How Hollywood Eats Now: Mid-Pandemic Dining, From Alice Waters to Curtis Stone

Mindful of the omicron wave, which may soon put L.A.’s restaurants on the ropes again, here’s 10 highlights for 2021 — including wet-aged Wagyu from Sugarfish’s business brain and all the new places to visit when the Cinerama Dome reopens.

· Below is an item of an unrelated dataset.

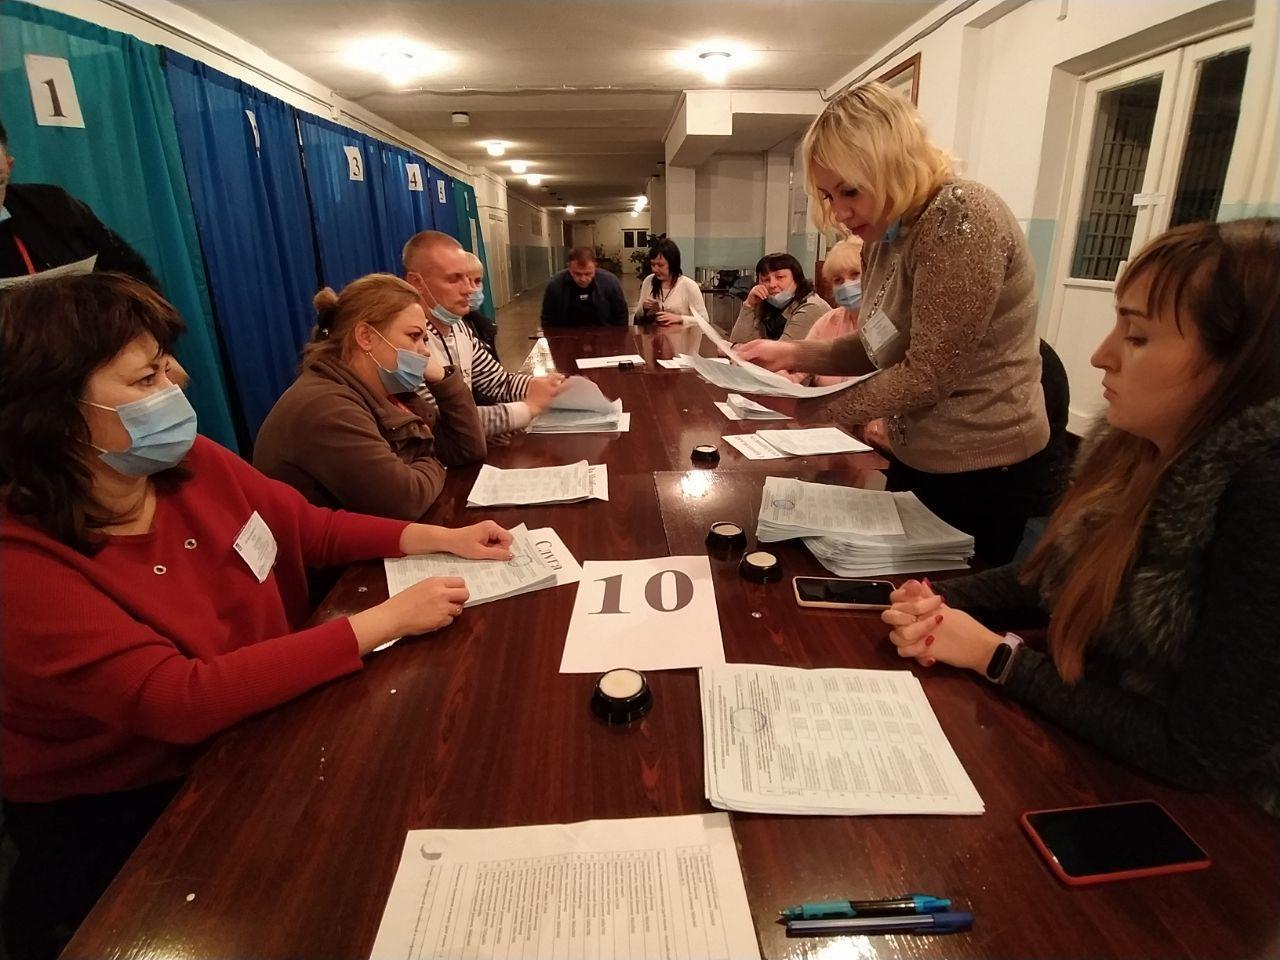 підрахунок голосів, вибори 2020

Mask up and show proof of vaccination at the hostess stand. 2021 has been a strange year, and stranger still within the L.A. dining scene, where the pandemic’s ongoing fluctuations and shifting mandates collided with patrons’ risk tolerance. As the omicron variant spreads, perennially tough reservations like Gjelina and Bavel have been reeling from newly affected employees.

Add to this restaurateurs’ attempts to hire staff as minimum wage measures push baseline hourly pay upward, with West Hollywood raising the standard to $17.64 — the highest in the nation — for hotel workers beginning Jan. 1. (The federal minimum wage has remained stagnant at $7.25 since 2009.)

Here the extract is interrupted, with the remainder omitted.